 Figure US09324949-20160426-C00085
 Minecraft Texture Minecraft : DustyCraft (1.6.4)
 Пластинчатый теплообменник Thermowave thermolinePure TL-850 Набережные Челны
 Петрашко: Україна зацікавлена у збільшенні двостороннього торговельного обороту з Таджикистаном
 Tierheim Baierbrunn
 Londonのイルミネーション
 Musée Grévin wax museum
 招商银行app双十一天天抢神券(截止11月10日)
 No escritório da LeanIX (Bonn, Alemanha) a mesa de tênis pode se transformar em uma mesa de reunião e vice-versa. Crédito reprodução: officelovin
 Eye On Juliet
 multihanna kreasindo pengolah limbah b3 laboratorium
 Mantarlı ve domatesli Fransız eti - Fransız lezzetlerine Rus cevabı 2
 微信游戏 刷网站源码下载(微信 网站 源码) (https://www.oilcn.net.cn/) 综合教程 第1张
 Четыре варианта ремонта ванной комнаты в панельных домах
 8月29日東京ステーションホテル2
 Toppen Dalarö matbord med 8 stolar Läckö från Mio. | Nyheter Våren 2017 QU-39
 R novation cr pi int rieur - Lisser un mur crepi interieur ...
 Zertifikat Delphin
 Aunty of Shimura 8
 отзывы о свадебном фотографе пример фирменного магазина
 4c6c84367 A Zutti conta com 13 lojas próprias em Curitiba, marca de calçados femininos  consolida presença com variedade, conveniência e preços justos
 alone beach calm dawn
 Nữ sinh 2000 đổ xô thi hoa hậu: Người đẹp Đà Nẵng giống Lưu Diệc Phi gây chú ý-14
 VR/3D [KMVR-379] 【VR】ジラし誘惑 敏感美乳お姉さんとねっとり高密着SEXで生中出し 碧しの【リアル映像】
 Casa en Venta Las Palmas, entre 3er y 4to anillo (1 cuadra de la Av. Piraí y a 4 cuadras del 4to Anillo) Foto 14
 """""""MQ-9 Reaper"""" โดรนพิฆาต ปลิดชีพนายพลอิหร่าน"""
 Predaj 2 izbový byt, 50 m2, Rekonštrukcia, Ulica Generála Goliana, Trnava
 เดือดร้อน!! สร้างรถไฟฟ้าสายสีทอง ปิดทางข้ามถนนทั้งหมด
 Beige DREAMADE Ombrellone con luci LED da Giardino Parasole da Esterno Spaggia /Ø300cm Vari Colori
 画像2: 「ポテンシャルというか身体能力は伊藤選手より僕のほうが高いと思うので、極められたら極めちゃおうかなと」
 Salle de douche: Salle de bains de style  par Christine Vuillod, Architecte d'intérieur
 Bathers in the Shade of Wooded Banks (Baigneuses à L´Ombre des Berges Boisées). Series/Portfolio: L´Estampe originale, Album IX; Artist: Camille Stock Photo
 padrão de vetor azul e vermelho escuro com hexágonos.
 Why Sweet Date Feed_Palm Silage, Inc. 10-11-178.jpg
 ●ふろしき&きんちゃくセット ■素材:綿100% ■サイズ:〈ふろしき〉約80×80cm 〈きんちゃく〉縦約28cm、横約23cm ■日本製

**ASSIGNED TASK:** Nothing in the records may change. Print all of them.

**OUTPUT BELOW:**
 Figure US09324949-20160426-C00085
 Minecraft Texture Minecraft : DustyCraft (1.6.4)
 Пластинчатый теплообменник Thermowave thermolinePure TL-850 Набережные Челны
 Петрашко: Україна зацікавлена у збільшенні двостороннього торговельного обороту з Таджикистаном
 Tierheim Baierbrunn
 Londonのイルミネーション
 Musée Grévin wax museum
 招商银行app双十一天天抢神券(截止11月10日)
 No escritório da LeanIX (Bonn, Alemanha) a mesa de tênis pode se transformar em uma mesa de reunião e vice-versa. Crédito reprodução: officelovin
 Eye On Juliet
 multihanna kreasindo pengolah limbah b3 laboratorium
 Mantarlı ve domatesli Fransız eti - Fransız lezzetlerine Rus cevabı 2
 微信游戏 刷网站源码下载(微信 网站 源码) (https://www.oilcn.net.cn/) 综合教程 第1张
 Четыре варианта ремонта ванной комнаты в панельных домах
 8月29日東京ステーションホテル2
 Toppen Dalarö matbord med 8 stolar Läckö från Mio. | Nyheter Våren 2017 QU-39
 R novation cr pi int rieur - Lisser un mur crepi interieur ...
 Zertifikat Delphin
 Aunty of Shimura 8
 отзывы о свадебном фотографе пример фирменного магазина
 4c6c84367 A Zutti conta com 13 lojas próprias em Curitiba, marca de calçados femininos  consolida presença com variedade, conveniência e preços justos
 alone beach calm dawn
 Nữ sinh 2000 đổ xô thi hoa hậu: Người đẹp Đà Nẵng giống Lưu Diệc Phi gây chú ý-14
 VR/3D [KMVR-379] 【VR】ジラし誘惑 敏感美乳お姉さんとねっとり高密着SEXで生中出し 碧しの【リアル映像】
 Casa en Venta Las Palmas, entre 3er y 4to anillo (1 cuadra de la Av. Piraí y a 4 cuadras del 4to Anillo) Foto 14
 """""""MQ-9 Reaper"""" โดรนพิฆาต ปลิดชีพนายพลอิหร่าน"""
 Predaj 2 izbový byt, 50 m2, Rekonštrukcia, Ulica Generála Goliana, Trnava
 เดือดร้อน!! สร้างรถไฟฟ้าสายสีทอง ปิดทางข้ามถนนทั้งหมด
 Beige DREAMADE Ombrellone con luci LED da Giardino Parasole da Esterno Spaggia /Ø300cm Vari Colori
 画像2: 「ポテンシャルというか身体能力は伊藤選手より僕のほうが高いと思うので、極められたら極めちゃおうかなと」
 Salle de douche: Salle de bains de style  par Christine Vuillod, Architecte d'intérieur
 Bathers in the Shade of Wooded Banks (Baigneuses à L´Ombre des Berges Boisées). Series/Portfolio: L´Estampe originale, Album IX; Artist: Camille Stock Photo
 padrão de vetor azul e vermelho escuro com hexágonos.
 Why Sweet Date Feed_Palm Silage, Inc. 10-11-178.jpg
 ●ふろしき&きんちゃくセット ■素材:綿100% ■サイズ:〈ふろしき〉約80×80cm 〈きんちゃく〉縦約28cm、横約23cm ■日本製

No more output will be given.